Dengan pendekatan-pendekatan ini, siswa merasa bahwa agama tidak berada di dunia yang berbeda dari realitas digital mereka.
Keteladanan Tetap Menjadi Kekuatan Utama
Walau zaman berubah, keteladanan tetap menjadi “magnet” terbesar. Gen Z peka terhadap ketidaksesuaian antara ucapan dan tindakan. Guru PAI yang membawa pengaruh besar biasanya adalah mereka yang konsisten dalam perilakunya.
Ada guru yang tidak banyak memberikan nasihat, namun sikapnya—cara menyapa, kesabaran menghadapi kelas, disiplin waktu—menjadi pelajaran akhlak yang nyata. Banyak siswa mengaku belajar nilai agama bukan dari materi, tetapi dari sosok guru itu sendiri.

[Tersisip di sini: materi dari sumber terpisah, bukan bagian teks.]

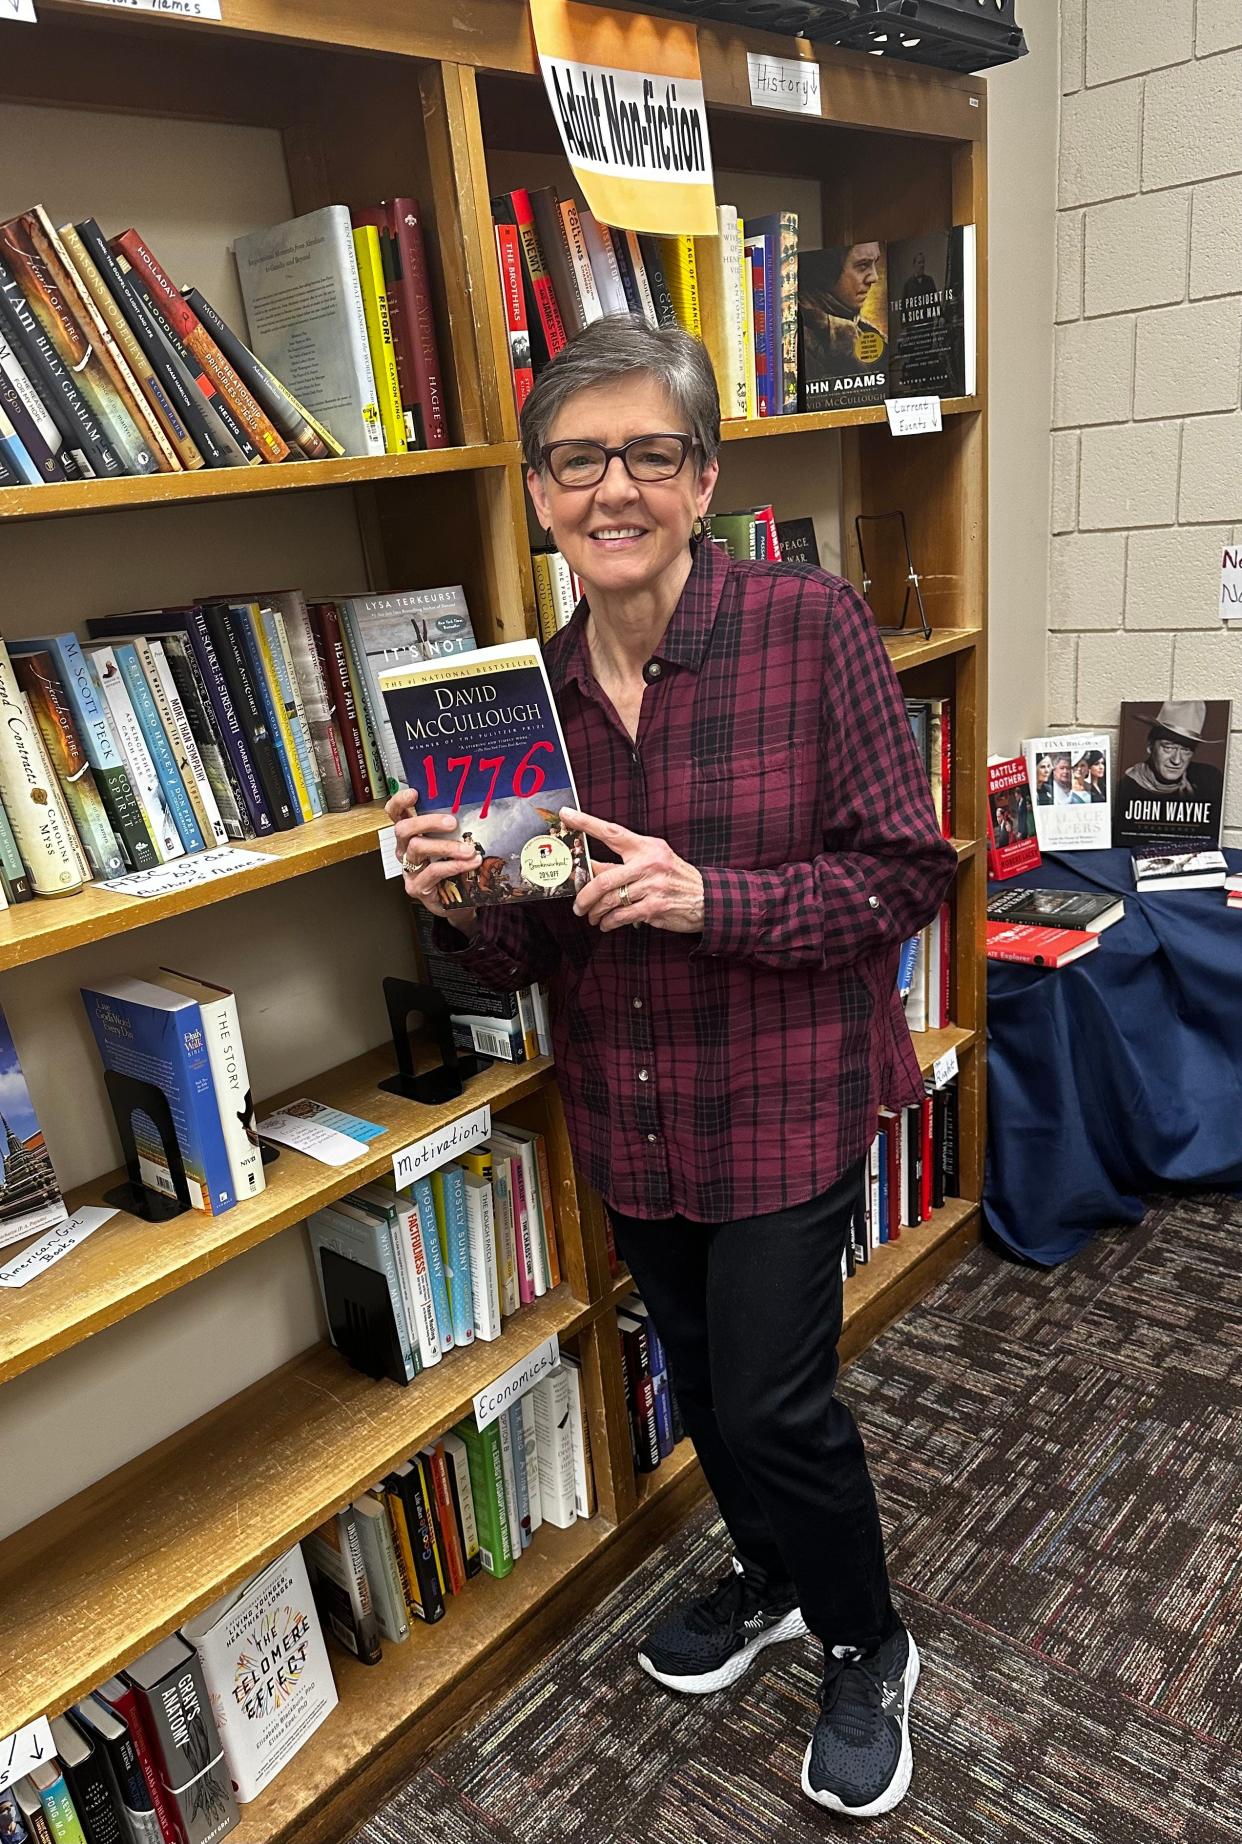 Jann Ford, president of the Friends of the Cleveland County Library System, holds up one of the books available at the pop-up book sale.

Mengajak Siswa Tanpa Menghakimi
Generasi Z tidak nyaman dengan pendekatan menggurui. Guru PAI yang efektif biasanya lebih mengutamakan empati dan dialog. Ketika siswa lebih tertarik bermain gadget daripada membaca Al-Qur’an, guru tidak langsung menegur keras. Mereka mengajak berbincang terlebih dahulu, memahami alasan siswa, lalu mengarahkan pada keseimbangan waktu. Pendekatan ini membuat siswa lebih terbuka dan merasa dihargai.
PAI di Era TikTok: Soal Koneksi, Bukan Kompetisi
Guru PAI sebenarnya tidak sedang berlomba dengan TikTok. Tujuannya bukan membuat pelajaran agama lebih viral daripada tren digital, tetapi memastikan ajaran Islam tetap bermakna di tengah derasnya arus konten cepat.
Gen Z memang hidup di dunia digital, tetapi mereka tetap membutuhkan pegangan, nilai, dan sosok teladan. Guru PAI menjadi jembatan yang menyatukan nilai Islam dengan kehidupan modern, tanpa memaksakan pendekatan lama.
Di era TikTok ini, mungkin cara terbaik mengajarkan agama adalah menghadirkan nilai yang benar-benar dirasakan, bukan sekadar disampaikan.